The one I listed is very inexpensive and requires no hands on, so it is about as close to "online" as you will get. You want more info, PM me.


----------



## KEVD18 (Jul 21, 2008)

gee, the nr has only every asked me for the certificate from the school that i did my refresher with. since that cert doesnt say anything about online or live i guess the nr cant touch it.

the devils in the details R/r. you may be right in so far as the letter of the law, but in practical application, you are wrong.


----------



## wolverine (Jul 23, 2008)

*Nremt*

 Ok I let my National Cert expire couple of years back and now I am trying to get re certified, I am certified in NJ/NY and been working in the field for the last 8 or so years. I called NREMT and they told me, I need to take a refresher course:excl: Now why do I need a refresher for the national when I oh ready done it for the state, Any ideas? 
PS: Do those people ever make sense!!! :wacko:


----------



## Ridryder911 (Jul 23, 2008)

KEVD18 said:


> gee, the nr has only every asked me for the certificate from the school that i did my refresher with. since that cert doesnt say anything about online or live i guess the nr cant touch it.
> 
> the devils in the details R/r. you may be right in so far as the letter of the law, but in practical application, you are wrong.

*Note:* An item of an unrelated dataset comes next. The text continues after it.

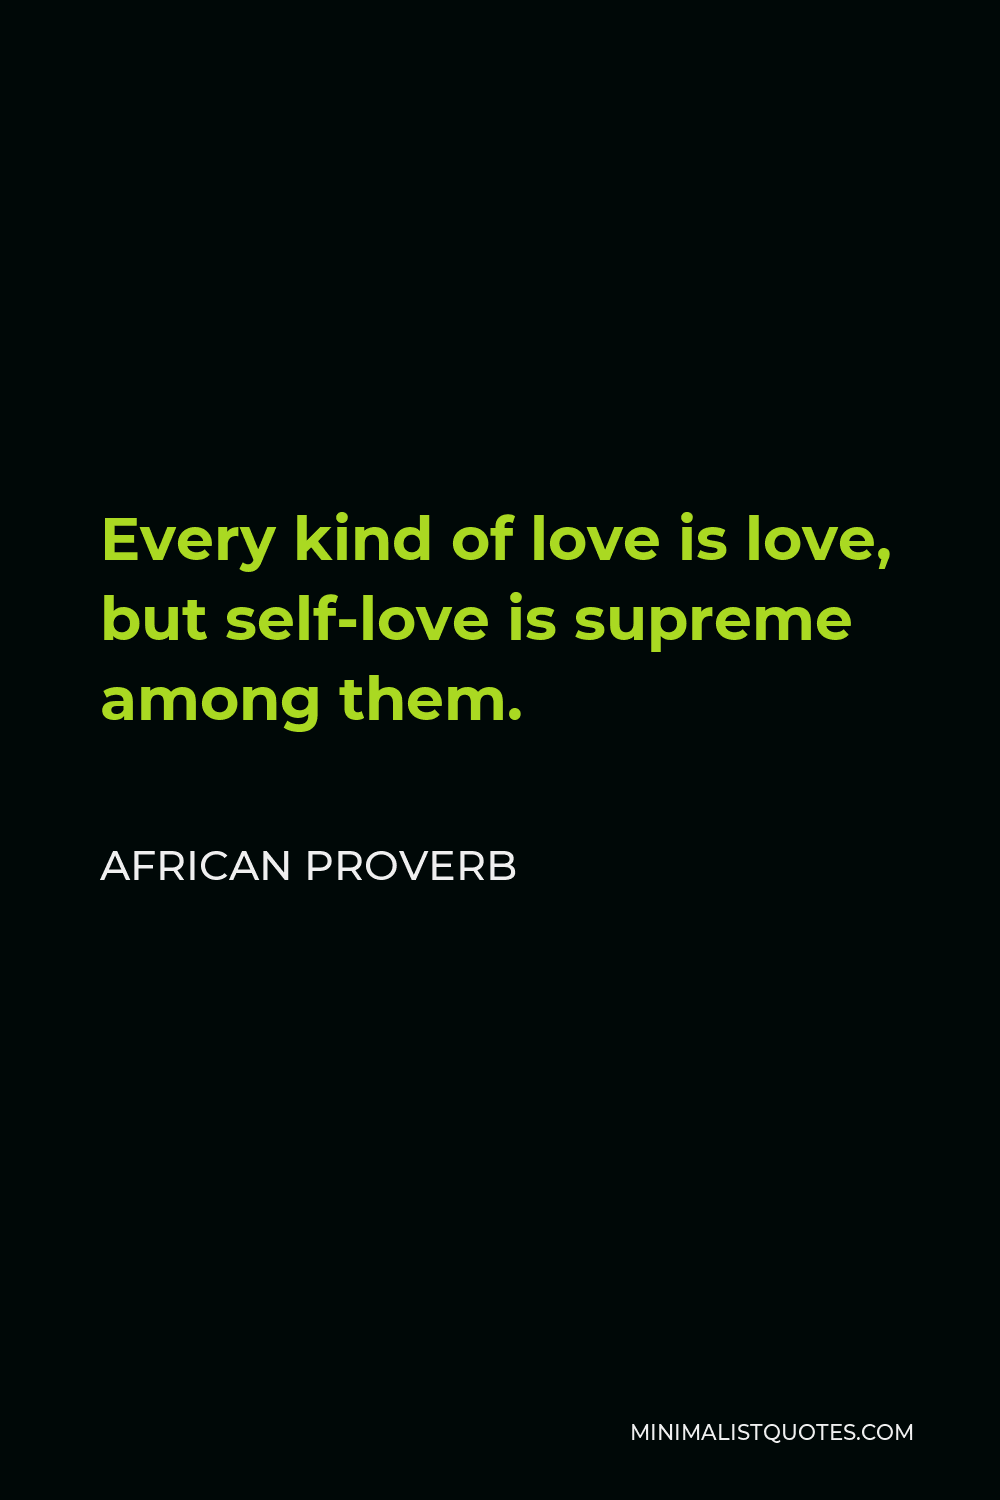 African Proverb Quote - Every kind of love is love, but self-love is supreme among them.
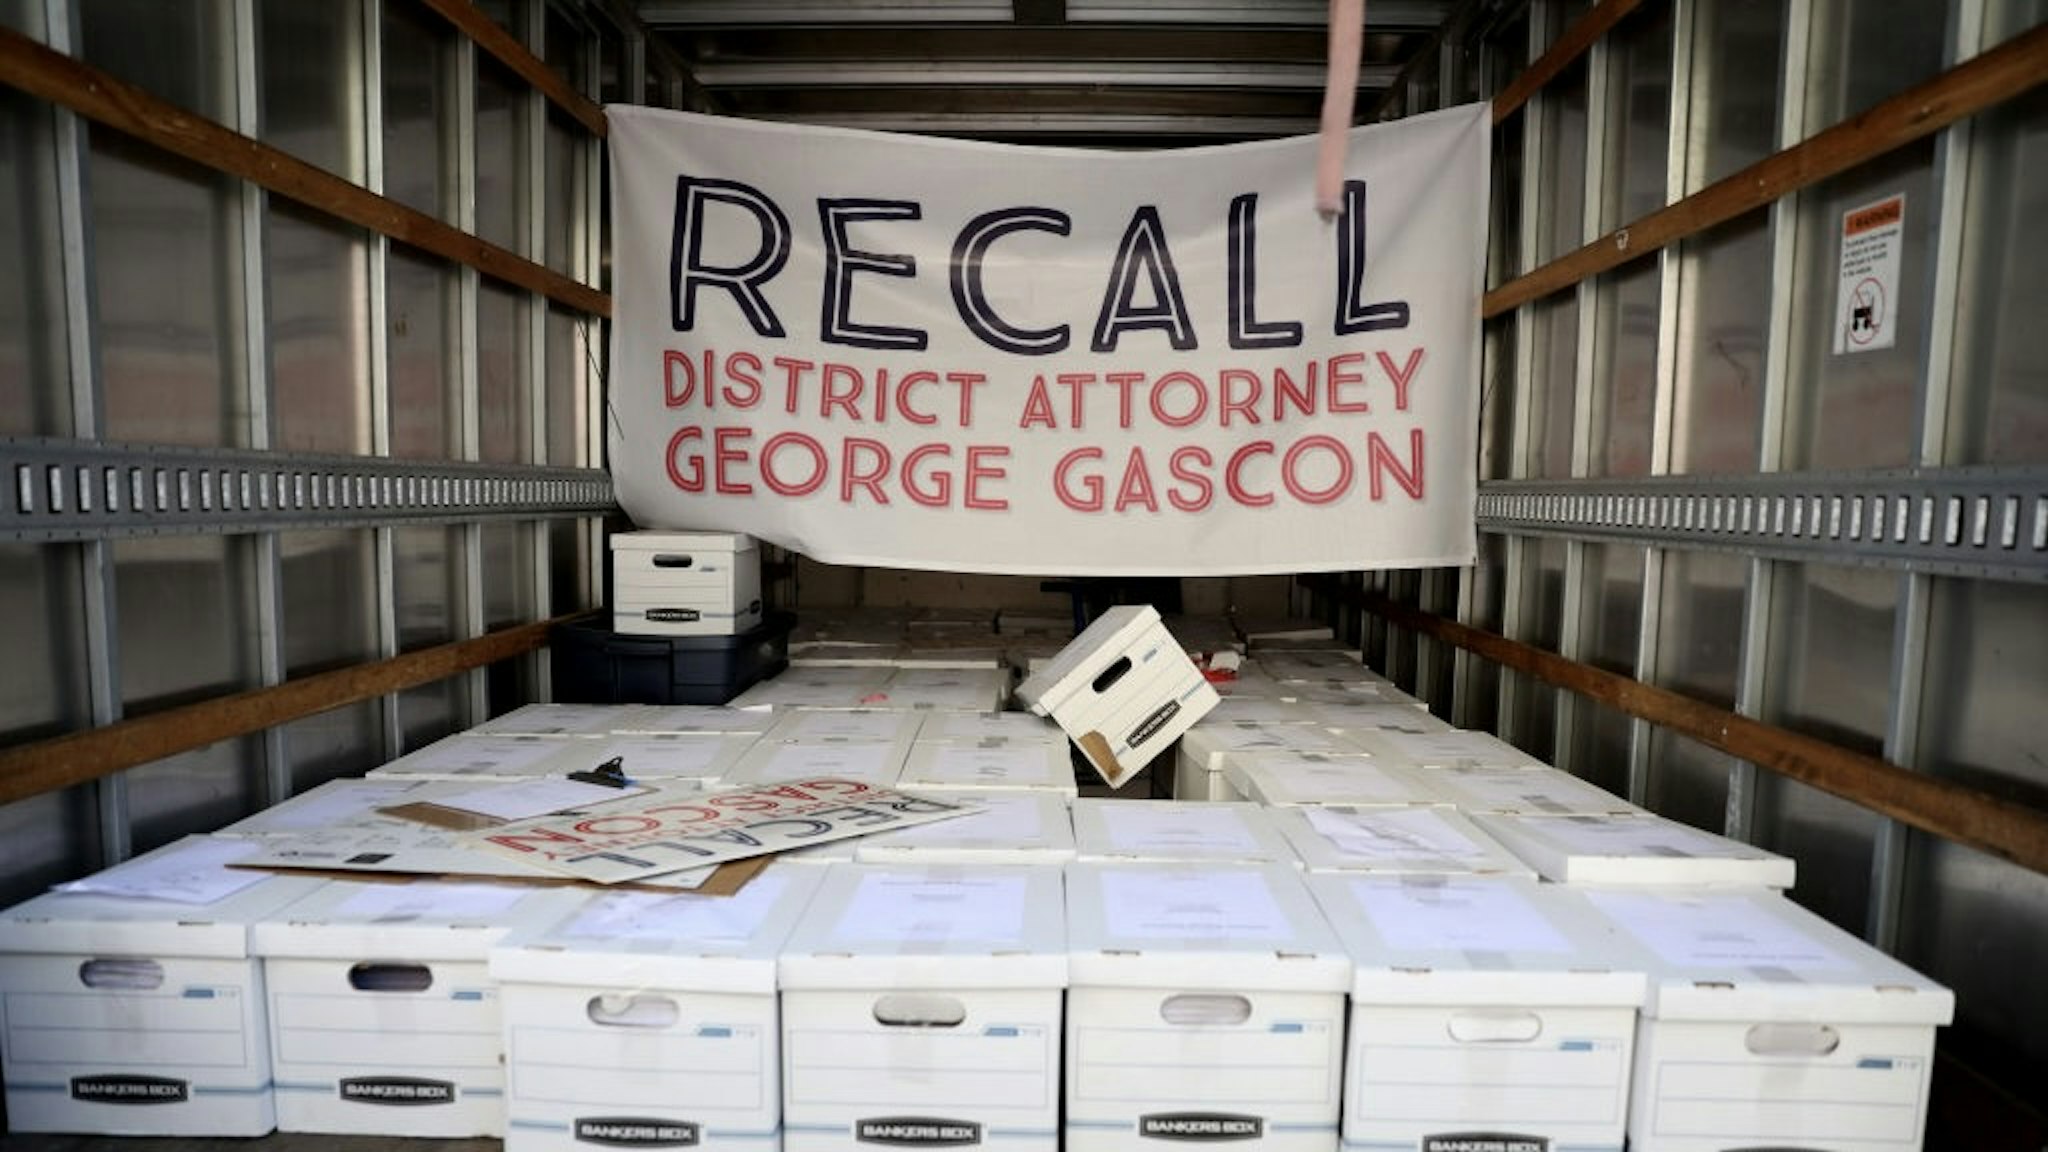 petition to recall Los Angeles County District Attorney George Gascón NORWALK, CA - JULY 06: A truck arrives with over 700,000 petition signatures in an effort to recall Los Angeles County District Attorney George Gascón to be submited to the County of Los Angeles Registrar Recorder/County Clerk office on Wednesday, July 6, 2022 in Norwalk, CA. (Gary Coronado / Los Angeles Times via Getty Images) Gary Coronado / Contributor

Ever been audited by the NREMT? (they routinely random audit)... I have. They will contact your state or local authority and as well ask to see the outline and context of the refresher. Remember, refresher according to the NHTSA requires lab time for skill verification. 

If you want to take a gamble or chance, that is your right. Just remember though, when you sign the statement ....."all the above is true to the standards as set for"... they mean it. As well as though who signs the course authorization. I have personally seen revocation of the certification for non-compliance... it's your choice.

R/r 911


----------